### The problem
Start at the first record below and retype through the last, exactly.

### Extracted data
________________________________________

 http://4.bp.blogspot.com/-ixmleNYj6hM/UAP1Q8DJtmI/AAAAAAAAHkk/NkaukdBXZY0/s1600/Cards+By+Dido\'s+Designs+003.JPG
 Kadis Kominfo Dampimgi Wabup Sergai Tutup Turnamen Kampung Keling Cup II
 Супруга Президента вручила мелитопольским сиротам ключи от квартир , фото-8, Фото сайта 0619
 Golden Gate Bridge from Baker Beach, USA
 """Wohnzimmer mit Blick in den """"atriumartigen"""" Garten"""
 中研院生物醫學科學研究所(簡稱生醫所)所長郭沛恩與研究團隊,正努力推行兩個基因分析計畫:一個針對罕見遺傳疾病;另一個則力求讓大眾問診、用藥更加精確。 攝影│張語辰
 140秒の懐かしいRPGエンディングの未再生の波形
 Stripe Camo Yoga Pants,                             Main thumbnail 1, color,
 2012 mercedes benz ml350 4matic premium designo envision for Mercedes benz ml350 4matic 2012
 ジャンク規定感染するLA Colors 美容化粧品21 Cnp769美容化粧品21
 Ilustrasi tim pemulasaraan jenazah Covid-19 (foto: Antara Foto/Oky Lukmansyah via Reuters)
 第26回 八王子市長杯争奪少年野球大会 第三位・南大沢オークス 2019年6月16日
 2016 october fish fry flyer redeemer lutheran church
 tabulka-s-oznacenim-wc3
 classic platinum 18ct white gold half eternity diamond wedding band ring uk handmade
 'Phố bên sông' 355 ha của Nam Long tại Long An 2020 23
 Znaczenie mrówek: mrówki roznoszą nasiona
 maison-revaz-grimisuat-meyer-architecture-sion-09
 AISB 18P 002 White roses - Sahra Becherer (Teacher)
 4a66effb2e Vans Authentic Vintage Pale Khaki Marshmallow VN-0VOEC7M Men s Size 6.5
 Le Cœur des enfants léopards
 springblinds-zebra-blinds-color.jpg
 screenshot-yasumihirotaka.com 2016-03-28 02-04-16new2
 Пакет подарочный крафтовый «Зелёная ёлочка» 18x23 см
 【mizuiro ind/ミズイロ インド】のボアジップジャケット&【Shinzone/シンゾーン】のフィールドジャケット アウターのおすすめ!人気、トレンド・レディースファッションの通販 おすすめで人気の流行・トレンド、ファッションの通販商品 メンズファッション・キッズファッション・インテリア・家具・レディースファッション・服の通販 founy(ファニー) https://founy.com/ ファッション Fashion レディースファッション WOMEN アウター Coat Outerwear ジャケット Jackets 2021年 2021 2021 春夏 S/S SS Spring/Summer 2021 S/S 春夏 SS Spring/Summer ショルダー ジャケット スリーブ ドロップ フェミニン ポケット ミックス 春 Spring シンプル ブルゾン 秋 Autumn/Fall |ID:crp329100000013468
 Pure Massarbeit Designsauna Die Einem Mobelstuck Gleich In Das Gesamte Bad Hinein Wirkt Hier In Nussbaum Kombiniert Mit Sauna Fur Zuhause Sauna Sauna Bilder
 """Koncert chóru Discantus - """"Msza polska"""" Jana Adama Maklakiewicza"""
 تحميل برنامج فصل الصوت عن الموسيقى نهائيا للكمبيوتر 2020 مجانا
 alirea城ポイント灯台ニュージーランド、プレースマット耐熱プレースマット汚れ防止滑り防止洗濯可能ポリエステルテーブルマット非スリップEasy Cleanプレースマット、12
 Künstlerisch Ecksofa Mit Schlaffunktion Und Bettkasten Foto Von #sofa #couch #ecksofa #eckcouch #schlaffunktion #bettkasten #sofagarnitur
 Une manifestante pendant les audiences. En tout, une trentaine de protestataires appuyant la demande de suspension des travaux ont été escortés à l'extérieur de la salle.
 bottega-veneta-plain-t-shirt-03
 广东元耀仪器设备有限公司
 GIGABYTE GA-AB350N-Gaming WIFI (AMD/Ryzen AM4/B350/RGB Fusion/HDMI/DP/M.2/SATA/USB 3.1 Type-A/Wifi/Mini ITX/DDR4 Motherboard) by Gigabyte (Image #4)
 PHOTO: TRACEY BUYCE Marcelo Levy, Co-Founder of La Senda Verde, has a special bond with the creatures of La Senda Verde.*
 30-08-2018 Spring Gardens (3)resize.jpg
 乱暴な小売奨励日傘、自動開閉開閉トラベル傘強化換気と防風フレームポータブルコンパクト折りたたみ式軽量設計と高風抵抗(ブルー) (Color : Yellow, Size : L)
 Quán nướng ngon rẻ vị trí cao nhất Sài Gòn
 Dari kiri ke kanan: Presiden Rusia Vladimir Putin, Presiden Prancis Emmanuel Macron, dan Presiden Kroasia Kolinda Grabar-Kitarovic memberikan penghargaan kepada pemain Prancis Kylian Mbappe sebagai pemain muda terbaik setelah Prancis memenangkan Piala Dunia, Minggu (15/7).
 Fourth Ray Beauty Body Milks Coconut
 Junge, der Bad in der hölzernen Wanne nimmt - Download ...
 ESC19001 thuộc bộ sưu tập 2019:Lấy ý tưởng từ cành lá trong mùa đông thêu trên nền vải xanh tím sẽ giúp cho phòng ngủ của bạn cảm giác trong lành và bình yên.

________________________________________

### Solution to the problem
 http://4.bp.blogspot.com/-ixmleNYj6hM/UAP1Q8DJtmI/AAAAAAAAHkk/NkaukdBXZY0/s1600/Cards+By+Dido\'s+Designs+003.JPG
 Kadis Kominfo Dampimgi Wabup Sergai Tutup Turnamen Kampung Keling Cup II
 Супруга Президента вручила мелитопольским сиротам ключи от квартир , фото-8, Фото сайта 0619
 Golden Gate Bridge from Baker Beach, USA
 """Wohnzimmer mit Blick in den """"atriumartigen"""" Garten"""
 中研院生物醫學科學研究所(簡稱生醫所)所長郭沛恩與研究團隊,正努力推行兩個基因分析計畫:一個針對罕見遺傳疾病;另一個則力求讓大眾問診、用藥更加精確。 攝影│張語辰
 140秒の懐かしいRPGエンディングの未再生の波形
 Stripe Camo Yoga Pants,                             Main thumbnail 1, color,
 2012 mercedes benz ml350 4matic premium designo envision for Mercedes benz ml350 4matic 2012
 ジャンク規定感染するLA Colors 美容化粧品21 Cnp769美容化粧品21
 Ilustrasi tim pemulasaraan jenazah Covid-19 (foto: Antara Foto/Oky Lukmansyah via Reuters)
 第26回 八王子市長杯争奪少年野球大会 第三位・南大沢オークス 2019年6月16日
 2016 october fish fry flyer redeemer lutheran church
 tabulka-s-oznacenim-wc3
 classic platinum 18ct white gold half eternity diamond wedding band ring uk handmade
 'Phố bên sông' 355 ha của Nam Long tại Long An 2020 23
 Znaczenie mrówek: mrówki roznoszą nasiona
 maison-revaz-grimisuat-meyer-architecture-sion-09
 AISB 18P 002 White roses - Sahra Becherer (Teacher)
 4a66effb2e Vans Authentic Vintage Pale Khaki Marshmallow VN-0VOEC7M Men s Size 6.5
 Le Cœur des enfants léopards
 springblinds-zebra-blinds-color.jpg
 screenshot-yasumihirotaka.com 2016-03-28 02-04-16new2
 Пакет подарочный крафтовый «Зелёная ёлочка» 18x23 см
 【mizuiro ind/ミズイロ インド】のボアジップジャケット&【Shinzone/シンゾーン】のフィールドジャケット アウターのおすすめ!人気、トレンド・レディースファッションの通販 おすすめで人気の流行・トレンド、ファッションの通販商品 メンズファッション・キッズファッション・インテリア・家具・レディースファッション・服の通販 founy(ファニー) https://founy.com/ ファッション Fashion レディースファッション WOMEN アウター Coat Outerwear ジャケット Jackets 2021年 2021 2021 春夏 S/S SS Spring/Summer 2021 S/S 春夏 SS Spring/Summer ショルダー ジャケット スリーブ ドロップ フェミニン ポケット ミックス 春 Spring シンプル ブルゾン 秋 Autumn/Fall |ID:crp329100000013468
 Pure Massarbeit Designsauna Die Einem Mobelstuck Gleich In Das Gesamte Bad Hinein Wirkt Hier In Nussbaum Kombiniert Mit Sauna Fur Zuhause Sauna Sauna Bilder
 """Koncert chóru Discantus - """"Msza polska"""" Jana Adama Maklakiewicza"""
 تحميل برنامج فصل الصوت عن الموسيقى نهائيا للكمبيوتر 2020 مجانا
 alirea城ポイント灯台ニュージーランド、プレースマット耐熱プレースマット汚れ防止滑り防止洗濯可能ポリエステルテーブルマット非スリップEasy Cleanプレースマット、12
 Künstlerisch Ecksofa Mit Schlaffunktion Und Bettkasten Foto Von #sofa #couch #ecksofa #eckcouch #schlaffunktion #bettkasten #sofagarnitur
 Une manifestante pendant les audiences. En tout, une trentaine de protestataires appuyant la demande de suspension des travaux ont été escortés à l'extérieur de la salle.
 bottega-veneta-plain-t-shirt-03
 广东元耀仪器设备有限公司
 GIGABYTE GA-AB350N-Gaming WIFI (AMD/Ryzen AM4/B350/RGB Fusion/HDMI/DP/M.2/SATA/USB 3.1 Type-A/Wifi/Mini ITX/DDR4 Motherboard) by Gigabyte (Image #4)
 PHOTO: TRACEY BUYCE Marcelo Levy, Co-Founder of La Senda Verde, has a special bond with the creatures of La Senda Verde.*
 30-08-2018 Spring Gardens (3)resize.jpg
 乱暴な小売奨励日傘、自動開閉開閉トラベル傘強化換気と防風フレームポータブルコンパクト折りたたみ式軽量設計と高風抵抗(ブルー) (Color : Yellow, Size : L)
 Quán nướng ngon rẻ vị trí cao nhất Sài Gòn
 Dari kiri ke kanan: Presiden Rusia Vladimir Putin, Presiden Prancis Emmanuel Macron, dan Presiden Kroasia Kolinda Grabar-Kitarovic memberikan penghargaan kepada pemain Prancis Kylian Mbappe sebagai pemain muda terbaik setelah Prancis memenangkan Piala Dunia, Minggu (15/7).
 Fourth Ray Beauty Body Milks Coconut
 Junge, der Bad in der hölzernen Wanne nimmt - Download ...
 ESC19001 thuộc bộ sưu tập 2019:Lấy ý tưởng từ cành lá trong mùa đông thêu trên nền vải xanh tím sẽ giúp cho phòng ngủ của bạn cảm giác trong lành và bình yên.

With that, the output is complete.